Après des débuts canons dans le cadre du salon Auto Expo, en avril dernier, la hype «Deux-ster» n’est pas retombée, semble-t-il ! Pas moins de 5 583 Duster (première et deuxième génération réunies) ont été écoulés lors des huit premiers mois de 2018. A comparer aux 6 291 unités commercialisées en 2017, sur une année pleine donc, ce qui faisait déjà du SUV franco-roumain le best-seller sur le segment des SUV. La barre des      8 000 Duster vendus (voire celle des 9 000) pourrait être franchie cette année.

Evidemment, les prix du Duster II, «stabilisés» par rapport à ceux de la génération suppléée et, par conséquent, proprement imbattables, ne sont pas étrangers à ce bel état de forme. Dans un «marché de prix» comme le nôtre, pouvoir accéder à un SUV aux prestations honorables, à un tarif défiant toute concurrence, même celle provenant des citadines des marques généralistes, a été perçu, très vite, comme une véritable aubaine.

Cela dit, avec le nouvel opus, les perceptions évoluent. L’argument du prix parle toujours autant aux automobilistes. Mais le «Deux-ster» avance tellement d’autres qualités que ses tarifs n’apparaissent plus désormais que comme la cerise sur le gâteau. Et, forcément, la part du gâteau qu’il lorgne est plus généreuse, au sein de sa famille comme face à ses concurrents.

Confort, mais fort…

L’évolution est perceptible au plan technique, même si le Duster est toujours bâti sur la même plateforme. Le bloc avant, composé du berceau, du tablier et des longerons, a été rigidifié, ce qui devrait faire un bien fou à la tenue de route. C’est, toutefois, en termes de confort et d’art de vivre que la nouvelle génération marque les esprits.

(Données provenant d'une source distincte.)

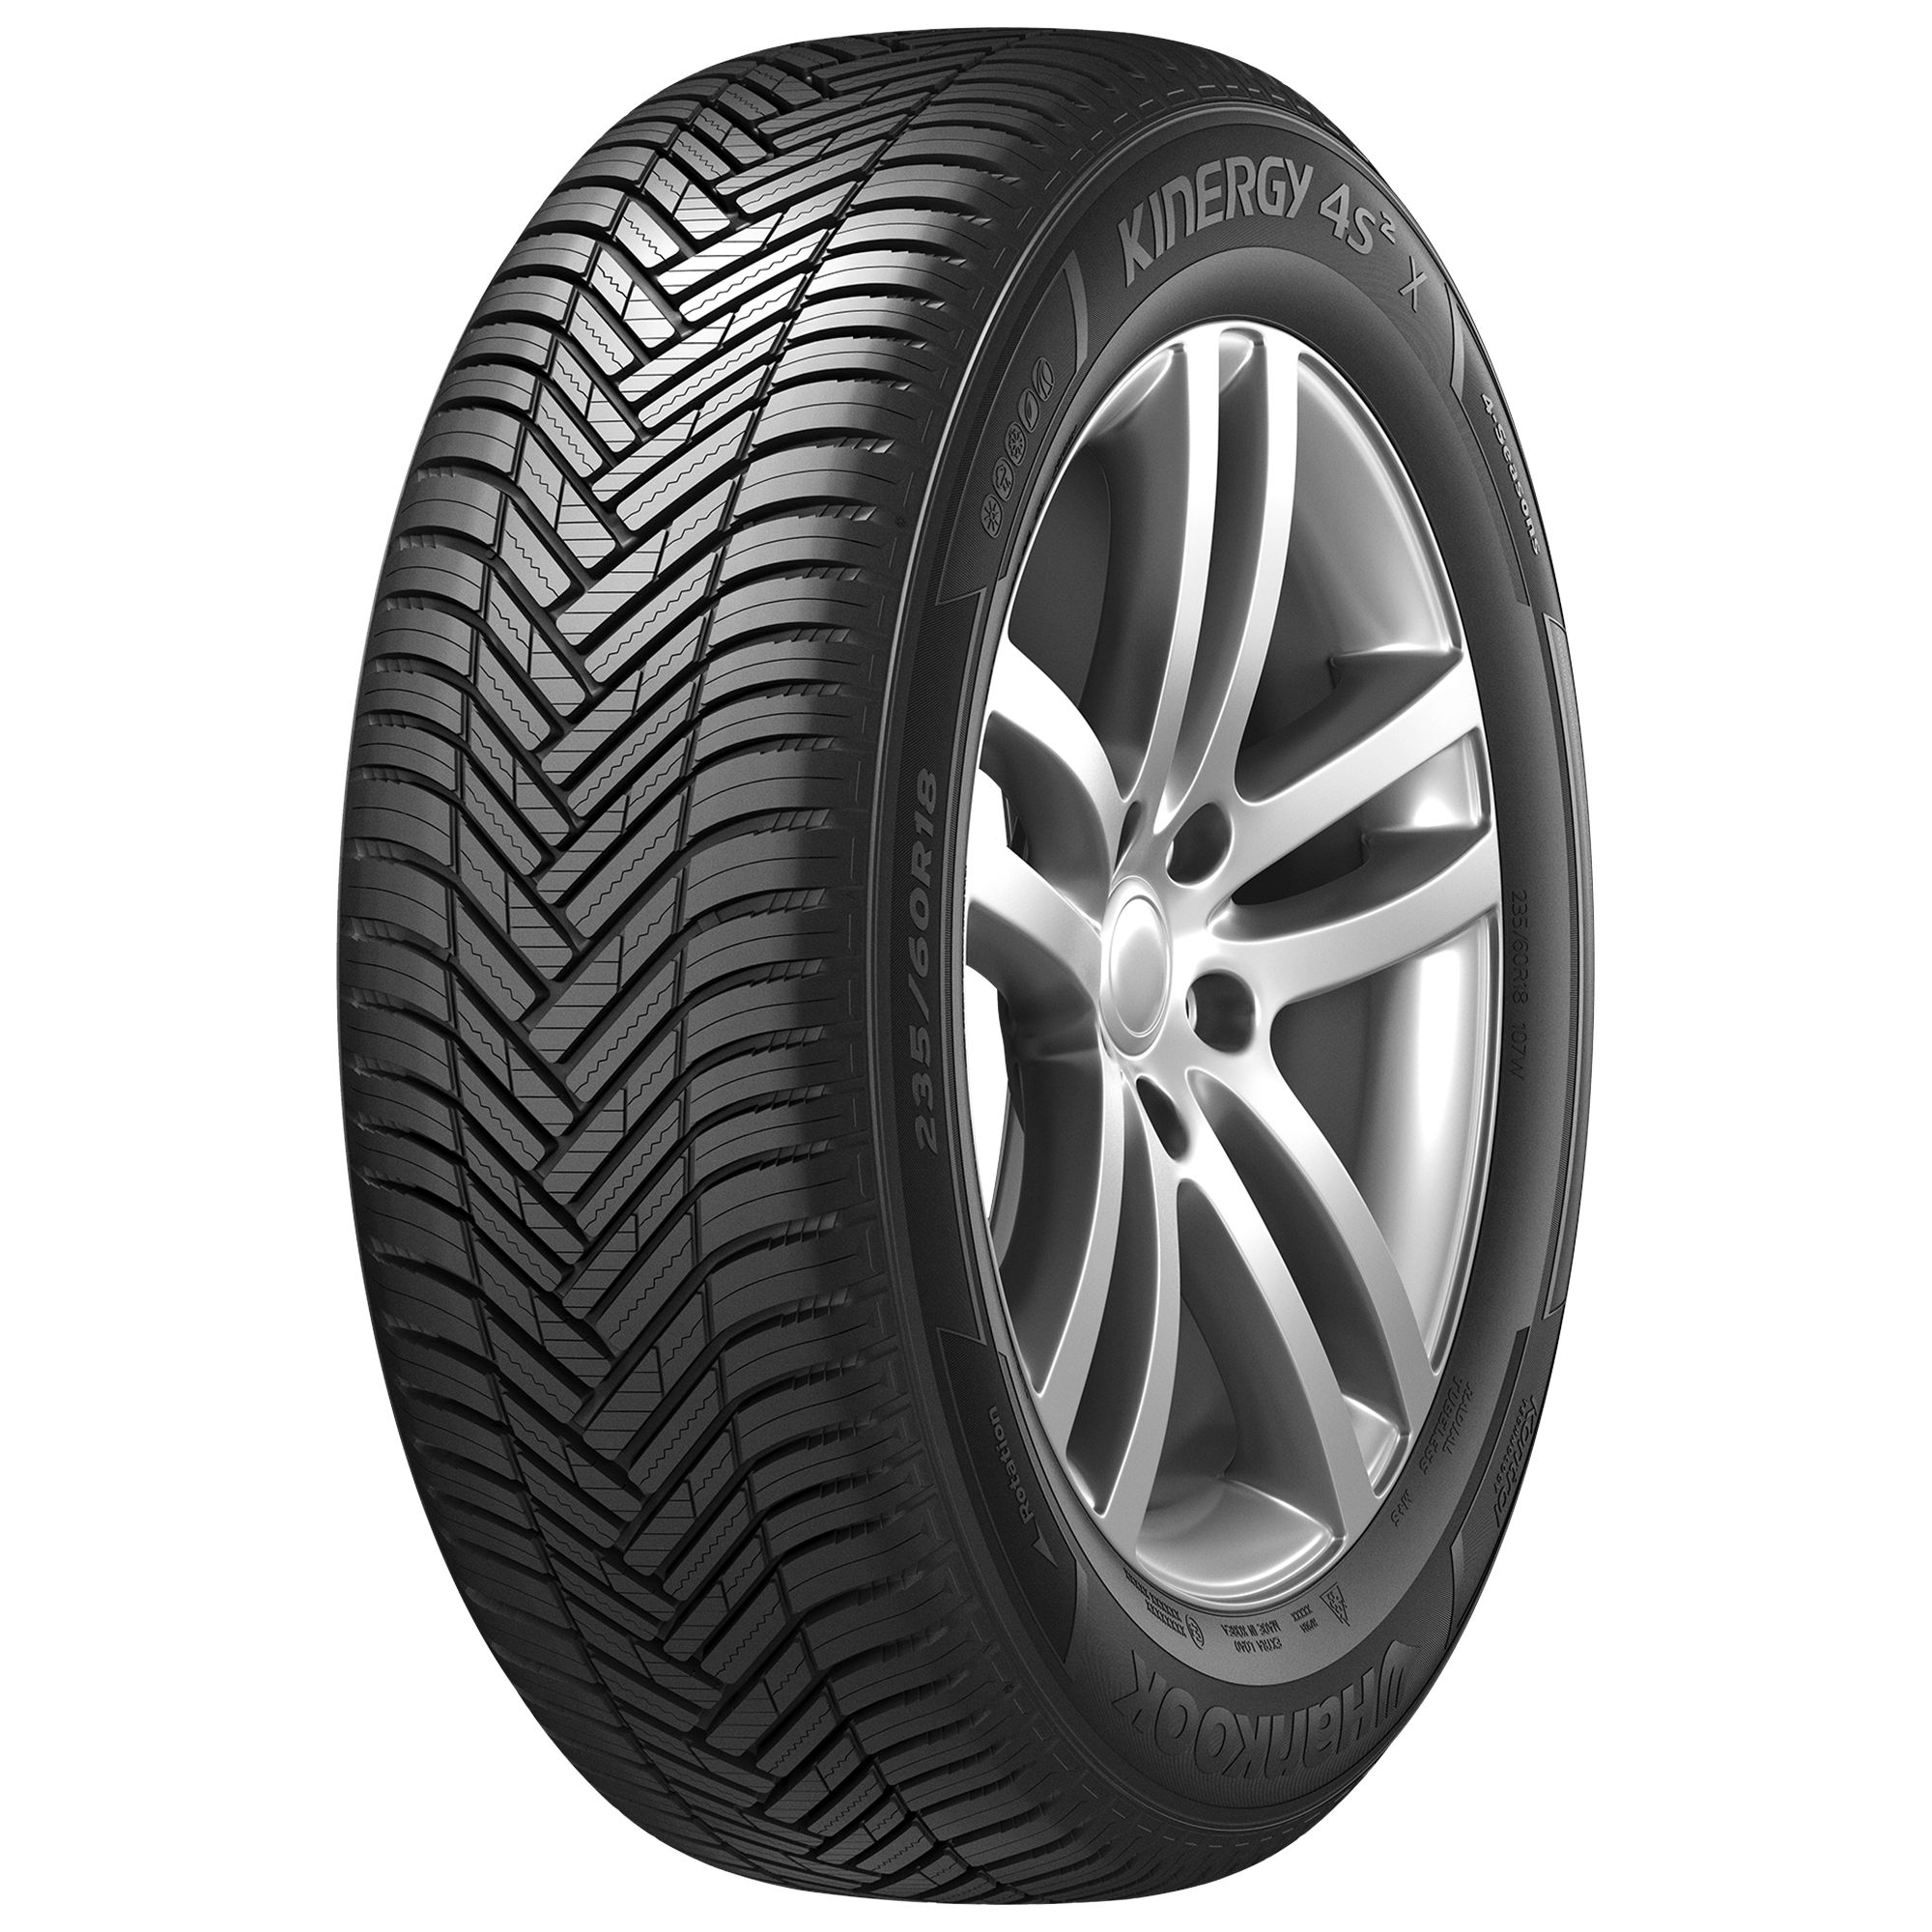 HANKOOK KINERGY 4S 2 X (H750A) 215/55R18 99V BSW

Dacia a eu la main lourde sur l’isolant phonique ! L’inconfort sonore et les vibrations étaient les points noirs de la génération antérieure. C’est de l’histoire ancienne, désormais !

A bord du nouveau Duster, le silence est d’or, dorénavant. Mais, avant même de mettre en branle le moteur et de rouler, c’est la «beauté intérieure» qui interpelle. Elle progresse de manière notable. La présentation intérieure, plus valorisante et plus moderne, n’a guère plus rien à voir avec celle des premières Logan et Sandero.

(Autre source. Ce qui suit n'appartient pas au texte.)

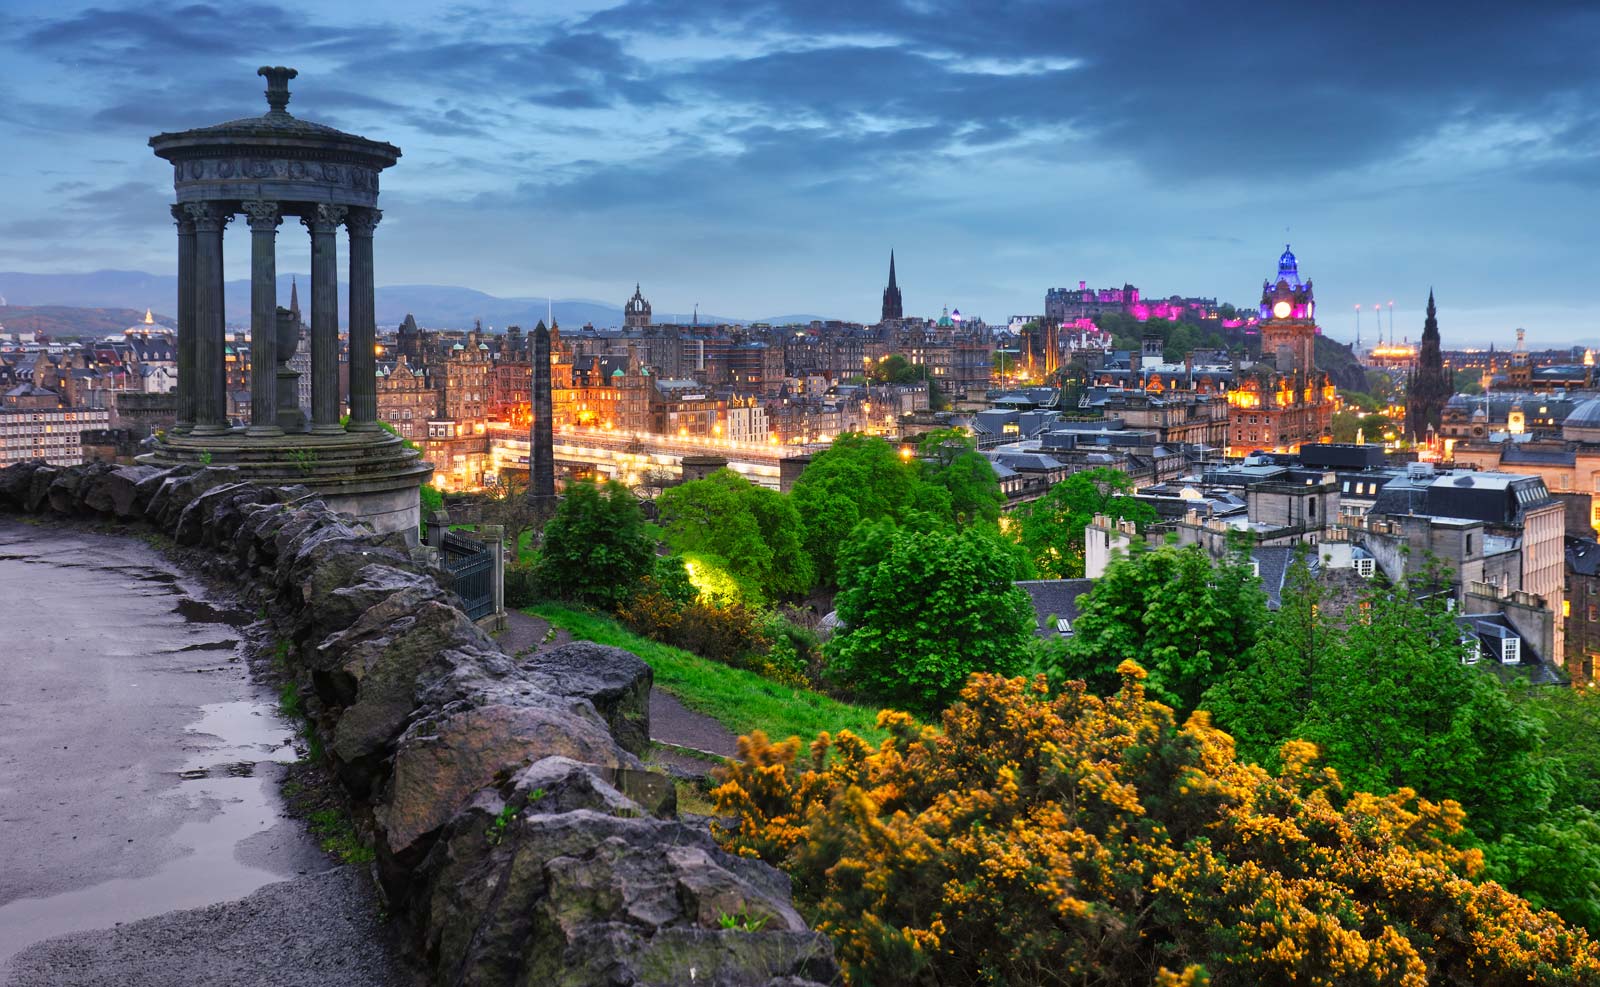 where to stay in Edinburgh recommendations

Les plastiques durs ont la peau dure, mais ils sont désormais essentiellement mats. Cela participe à la montée en gamme du «Deux-ster», au même titre que les nouveaux sièges, qui offrent un confort plus ouaté (mousse plus dense et assise plus longue), un maintien optimisé et davantage de modularité (réglage en hauteur), ou que l’écran central tactile de
7 pouces, rehaussé de quelques centimètres pour éviter au conducteur de quitter la route des yeux. Une interface à la hauteur des prestations du nouveau système multimédia du Duster, évolution du Media Nav Evolution. La connectivité du véhicule effectue un bond en avant remarquable, s’enrichissant notamment de l’audiostreaming, et même d’une caméra Multiview (en option).

Plus sexy

On en arrive enfin à l’argument numéro un du Duster, son look, qui gagne en sex-appeal et en prestance, à la faveur de l’adoption d’une calandre plus affirmée, qui s’acoquine avec les optiques dorénavant, d’une nouvelle signature lumineuse, d’un pare-brise fortement incliné, d’une ceinture de caisse plus haute, de sabots de protection avant et arrière plus gratifiants, de feux arrière du plus bel effet, ou encore de jantes au diamètre majoré.

Pour le reste, on évolue en terrain connu : l’habitabilité a été plus ou moins cristallisée, tandis que la gamme de motorisations de la génération sortante a été reconduite.

Le très fiable 1.5 dCi développe au  choix 85 ch et 110 ch. Seule la version la plus puissante bénéficie de l’excellente boîte à double embrayage à 6 rapports et de la transmission intégrale, sans toutefois les cumuler (deux versions distinctes). Pour sa part, le 1.6 l essence a eu droit à un bonus de 15 ch. Il chapeaute dorénavant la gamme du haut de ses 115 ch.

Quant aux prix, comptez, au pire, 2 000 DH d’inflation. Dans les autres cas, la balance est équilibrée par rapport à la génération originelle. Au vu des progrès manifestes de cette génération, la concurrence est dans la panade !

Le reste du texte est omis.